David M. Van Slyke is an American educator and policy expert on Public Administration, Contracting, and Nonprofit Organization. He is Dean of the Maxwell School of Citizenship and Public Affairs at Syracuse University, which is ranked among the nation's leading school of public and international affairs. He has taught at Syracuse University since 2004 and is an expert on public-private partnerships, public sector contracting and contract management, and policy implementation.

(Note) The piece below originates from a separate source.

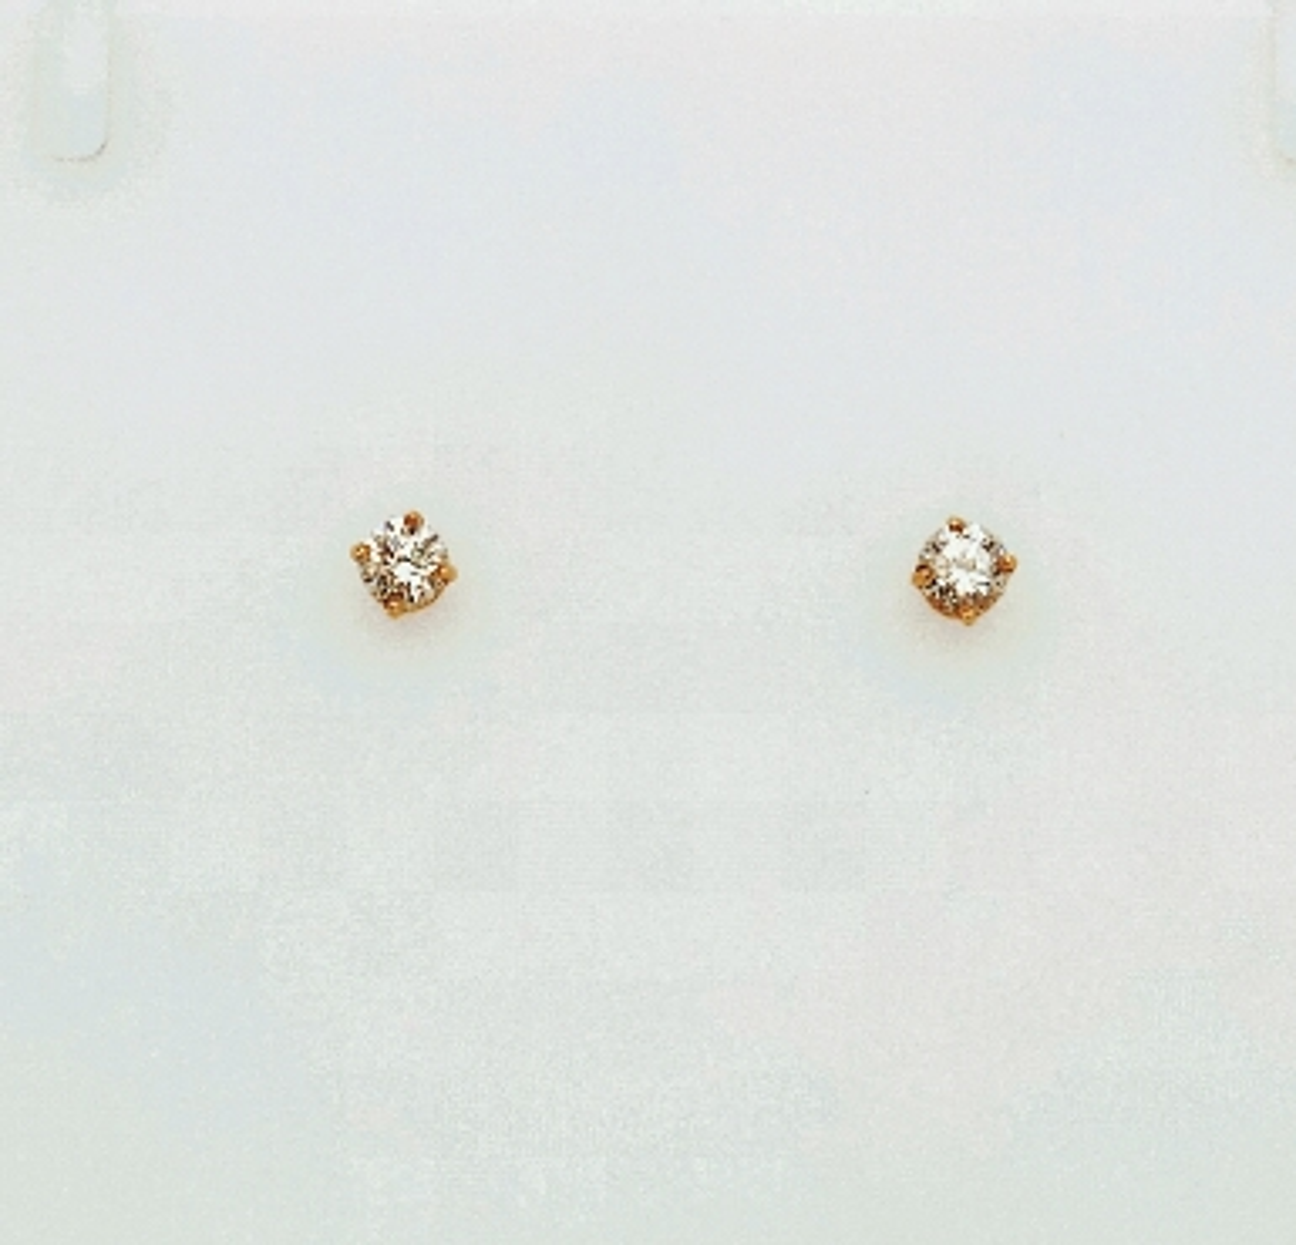 14k yg diamond studs w/gf backs. .50 tdw (B1)

He previously served on the faculty at Andrew Young School of Policy Studies at Georgia State University from 1999-2004

Early life
Born in Beacon, New York, Van Slyke first received his undergraduate degree in 1990. For the next 10 years, he worked in both New York state government, private, and nonprofit organizations. He received a master's degree from University at Albany, SUNY and a PhD in Public Administration and Policy from the Rockefeller College of Public Affairs and Policy at University at Albany, SUNY in 2000.

Career

Georgia State University
Van Slyke taught on the faculty at Andrew Young School of Policy Studies in Atlanta from 1999-2004 as an assistant professor, where he was the Director of the Nonprofit Studies Program. Van Slyke's research and teaching focused on nonprofit organizations, philanthropy, Public-Private Partnership, and Contracting. In addition, he worked as a consultant with a variety of community organizations, including the Community Foundation of Greater Atlanta and United Way Worldwide.

Syracuse University
Since 2004, Van Slyke has been a faculty member in the Public Administration and International Relations department at the Maxwell School of Citizenship and Public Affairs at Syracuse University. He is a two-time recipient of the Birkhead-Burkhead Award and Professorship for Teaching Excellence, and is a member of the Campbell Public Affairs Institute. His research on strategic contracting, public-private partnerships, and public administration is highly regarded by both scholars and practitioners in local, state, and federal government. His most recent book coauthored with Trevor Brown and Matthew Potoski, "Complex Contracting: Government Purchasing in the Wake of the U.S. Coast Guard's Deepwater Program" received the Best Book Award in 2014 from the American Society for Public Administration and an Honorable Mention from the Public and Nonprofit Section of the Academy of Management best book award for 2016.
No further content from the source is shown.